The United Arab Emirates (UAE) has made a significant move to boost crypto adoption by exempting crypto transactions from the country’s 5% value-added tax (VAT). This exemption is part of an amendment to the Executive Regulation of the Federal Decree Law on VAT, which will come into effect on November 15, 2024. The regulation will also apply retroactively to transactions conducted since January 1, 2018.
With this new rule, all crypto-related transactions in the UAE, including transfers and conversions, will no longer be subject to VAT. This change is a clear indication of the UAE’s commitment to integrating digital assets into its financial system and aligning crypto with other traditional financial services that are already VAT-free.
Market observers believe that this move will further boost crypto adoption in the UAE, which already has a higher adoption rate than the global average. The country’s progressive regulatory stance on digital assets has brought certainty to the market and attracted many users. Abdulla Al Dhaheri, CEO of the Blockchain Center in Abu Dhabi, emphasized the UAE’s commitment to innovation and building a world-leading digital economy.
The UAE’s proactive approach has positioned the country as a hub for decentralized finance (DeFi) and broader crypto activities. Several notable crypto firms have been drawn to the region, viewing it as a strategic gateway to expand into the Middle East.

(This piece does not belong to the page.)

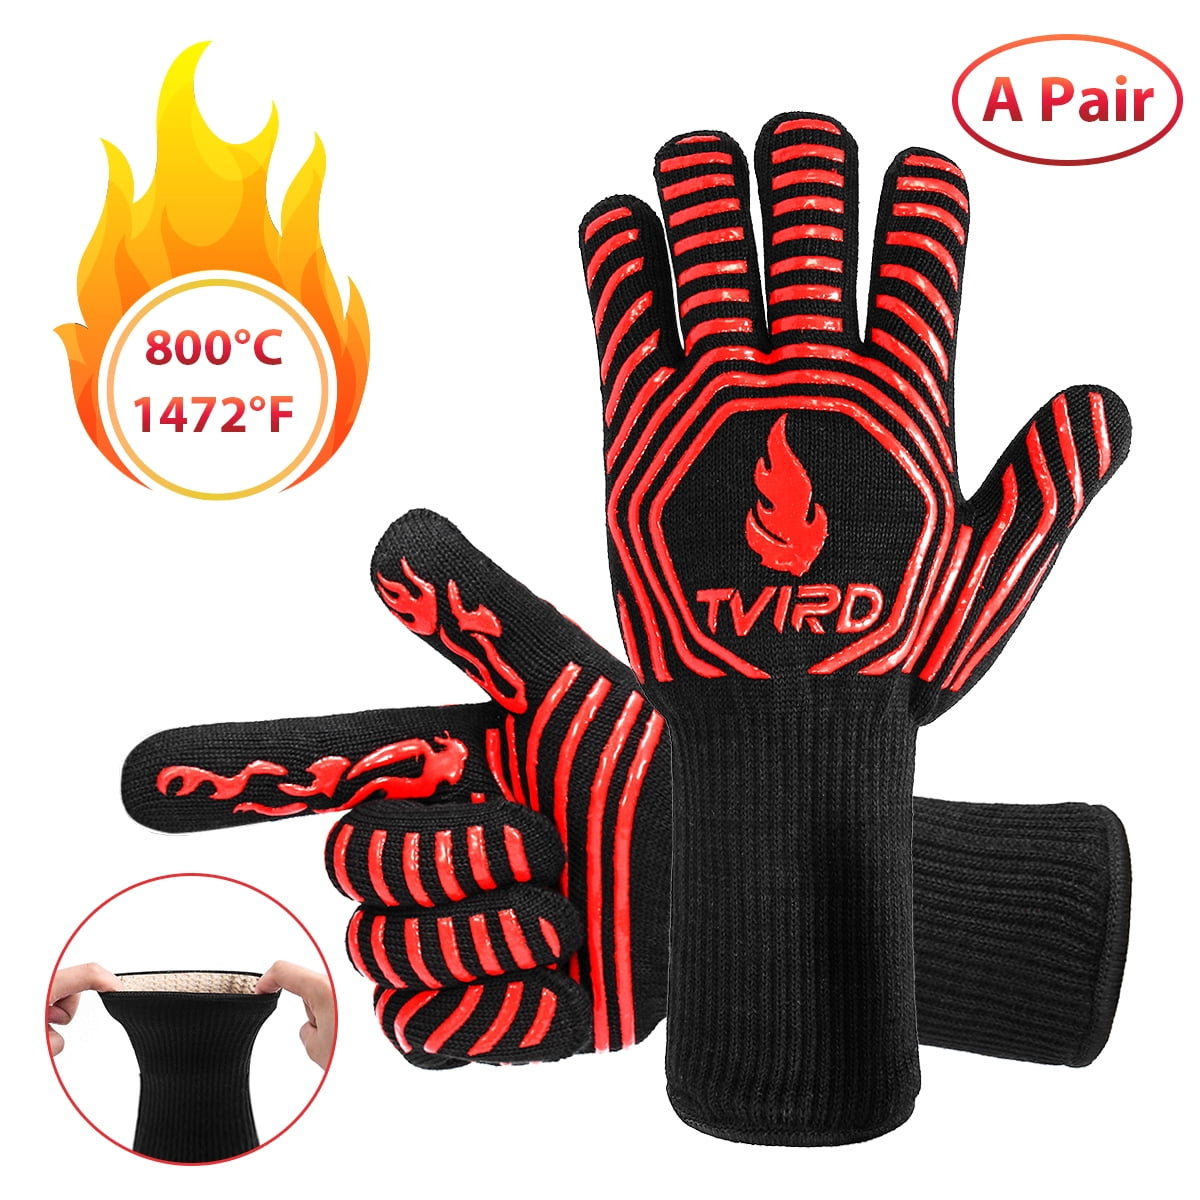 1472℉ with 5 Fingers for Grilling Cooking Baking Roasting（Black and Blue） JSF Grilling Gloves BBQ Oven Heat Resistant Mitts up to 800 ℃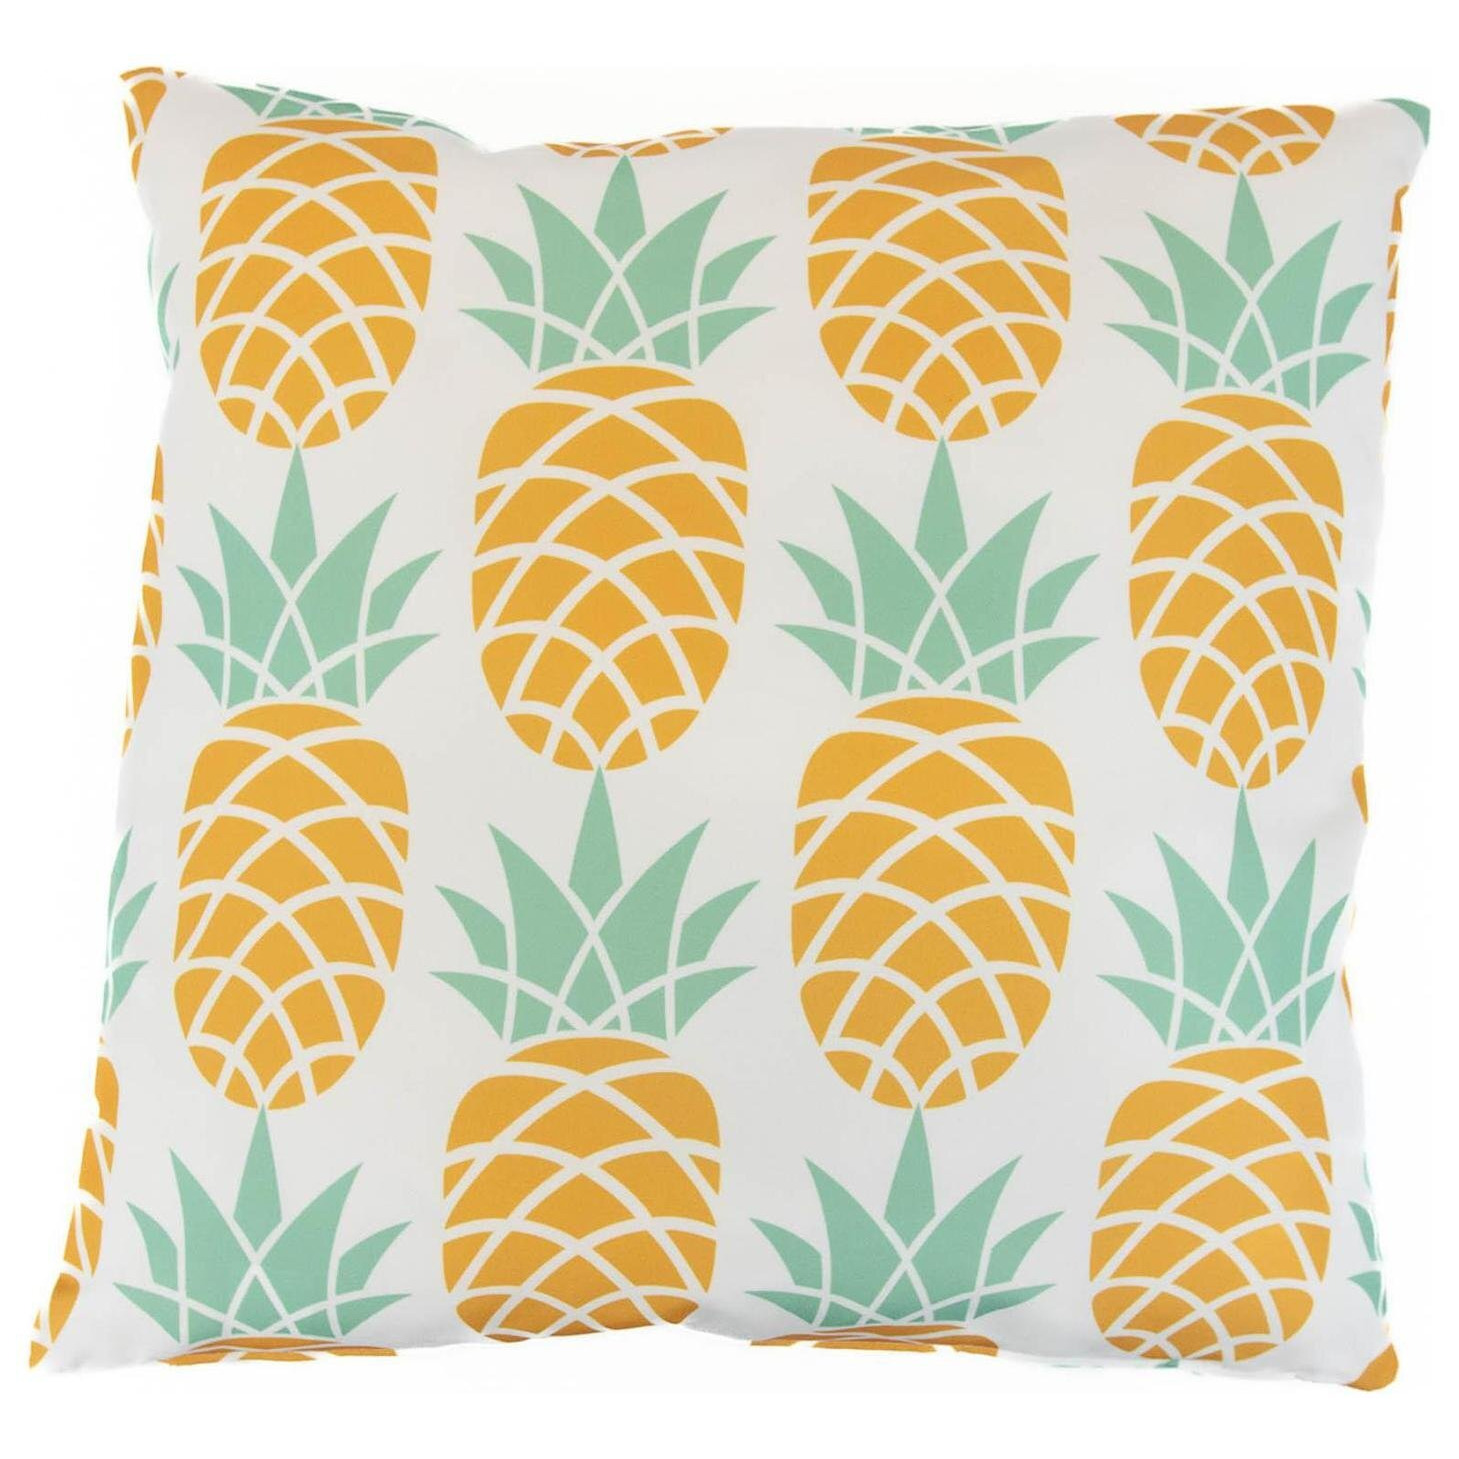 Streetwize Pineapple Printed Outdoor Cushion - Pack Of 4

Tether, for example, announced plans to launch a stablecoin pegged to the UAE Dirham, while Ripple secured an in-principle license to operate within the UAE just last week.
Overall, the UAE’s decision to exempt crypto transactions from VAT is a significant step towards fostering a more welcoming environment for digital assets and solidifying its position as a leading player in the blockchain and cryptocurrency space.